Diff-Instruct*: Towards Human-Preferred One-step Text-to-image Generative Models
Authors
Abstract
We propose Diff-Instruct* (DI*), a data-efficient post-training approach for one-step text-to-image generative models to improve its human preferences without requiring image data. Our method frames alignment as online reinforcement learning from human feedback (RLHF), which optimizes the one-step model to maximize human reward functions while being regularized to be kept close to a reference diffusion process.

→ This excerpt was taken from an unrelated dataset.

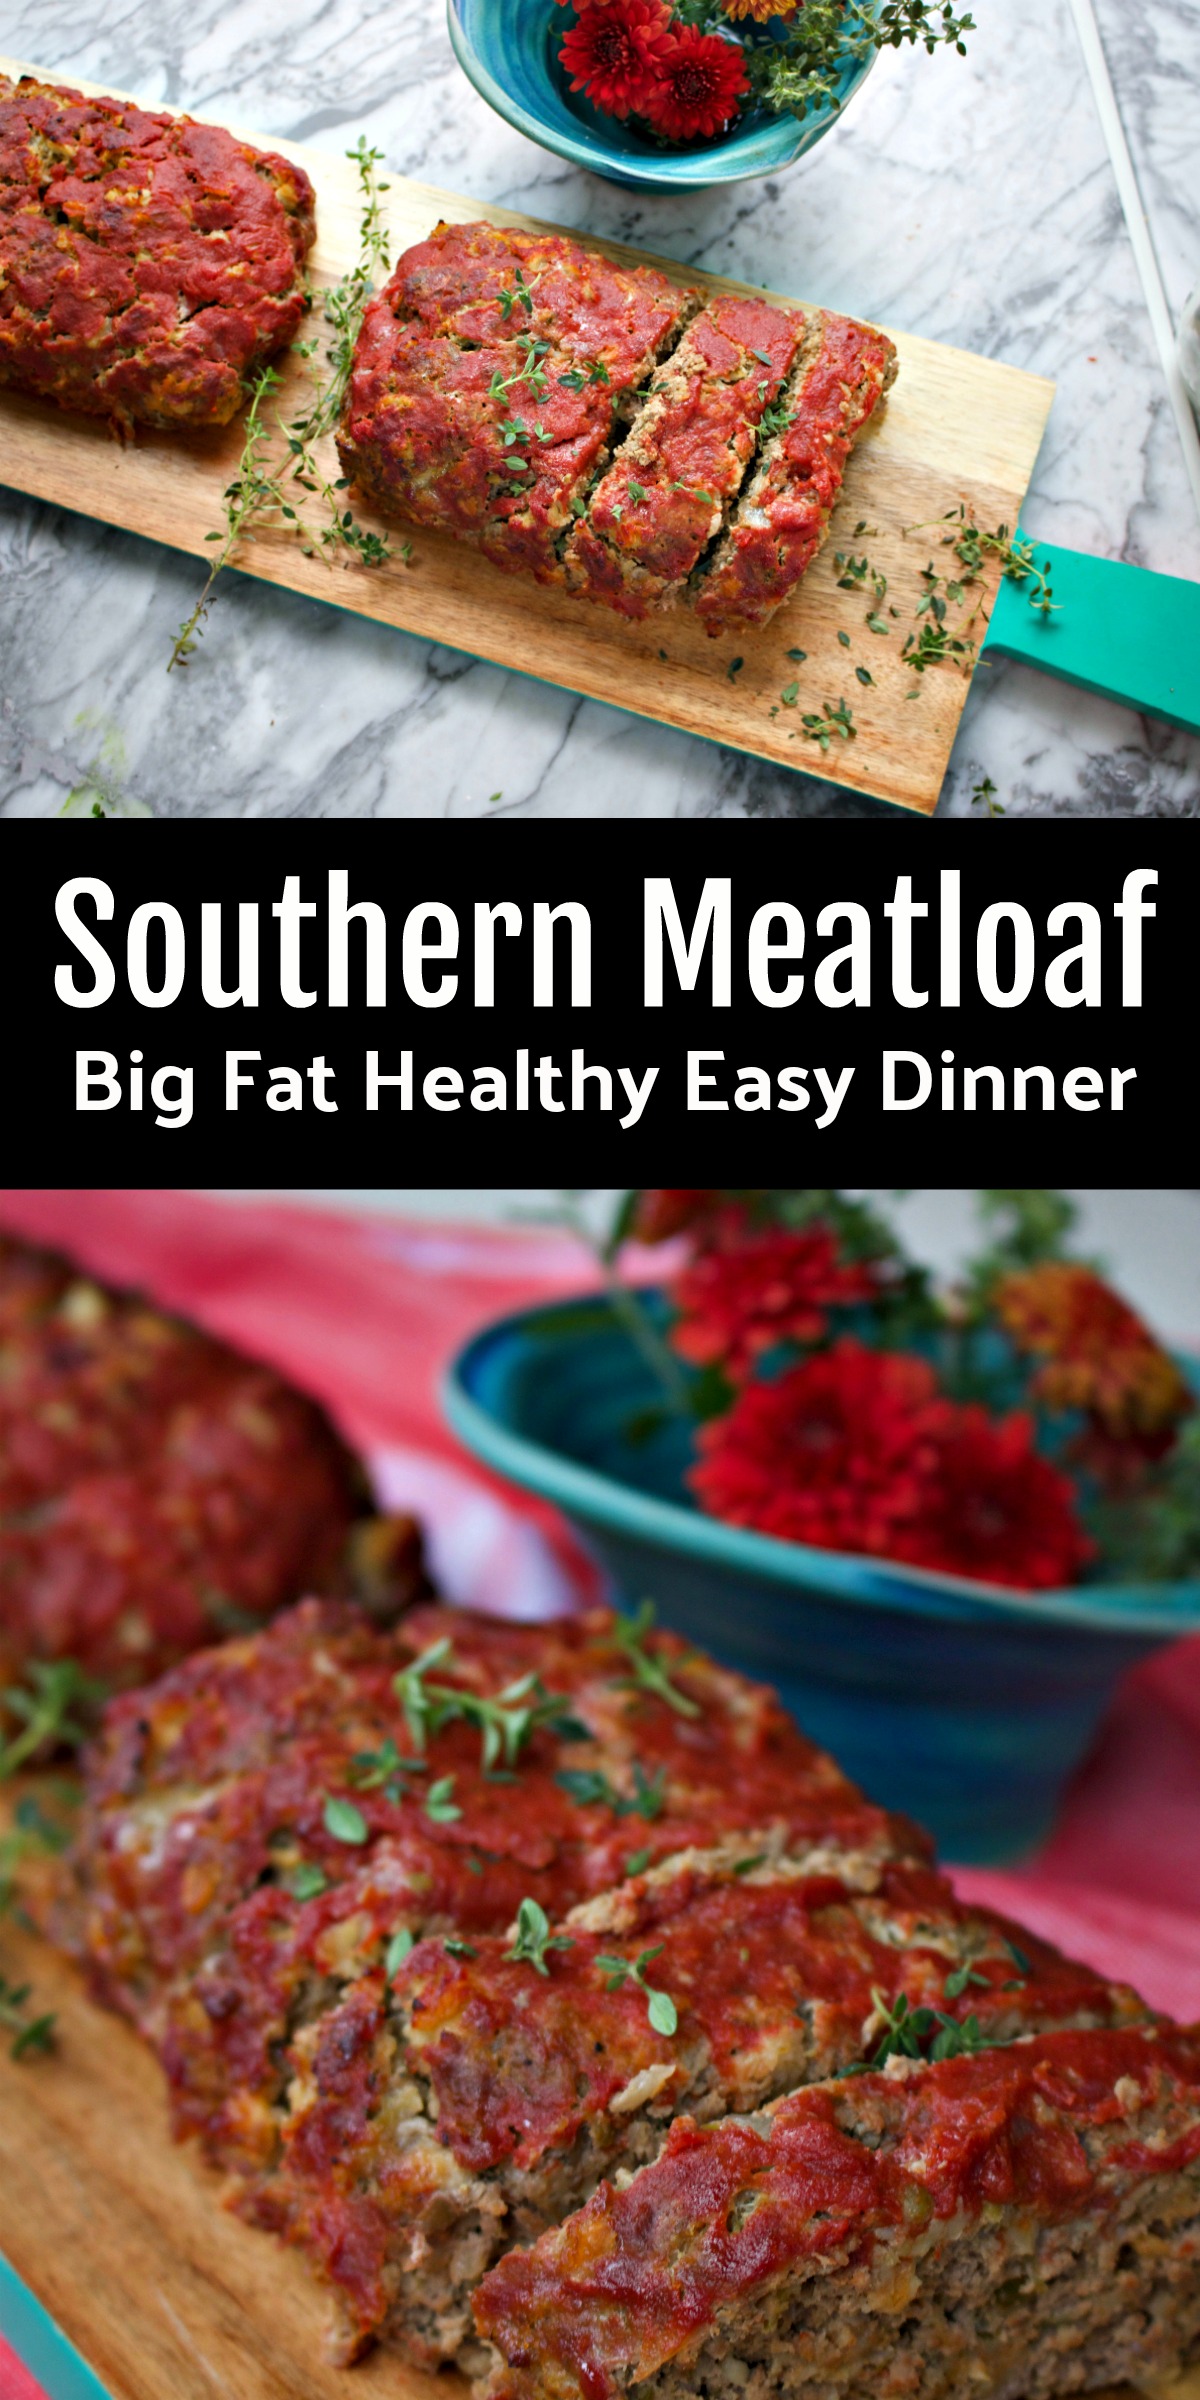 Easy Dinner Southern Meatloaf Recipe from Spinach Tiger

Unlike traditional RLHF approaches, which rely on the Kullback-Leibler divergence as the regularization, we introduce a novel general score-based divergence regularization that substantially improves performance as well as post-training stability. Although the general score-based RLHF objective is intractable to optimize, we derive a strictly equivalent tractable loss function in theory that can efficiently compute its gradient for optimizations. We introduce DI-SDXL-1step*, which is a 2.6B one-step text-to-image model at a resolution of $1024\times 1024$, post-trained from DMD2 w.r.t SDXL. Our 2.6B DI-SDXL-1step model outperforms the 50-step 12B FLUX-dev model* in ImageReward, PickScore, and CLIP score on the Parti prompts benchmark while using only 1.88% of the inference time. This result clearly shows that with proper post-training, the small one-step model is capable of beating huge multi-step diffusion models.
Our model is open-sourced at this link: https://github.com/pkulwj1994/diff_instruct_star. We hope our findings can contribute to human-centric machine learning techniques.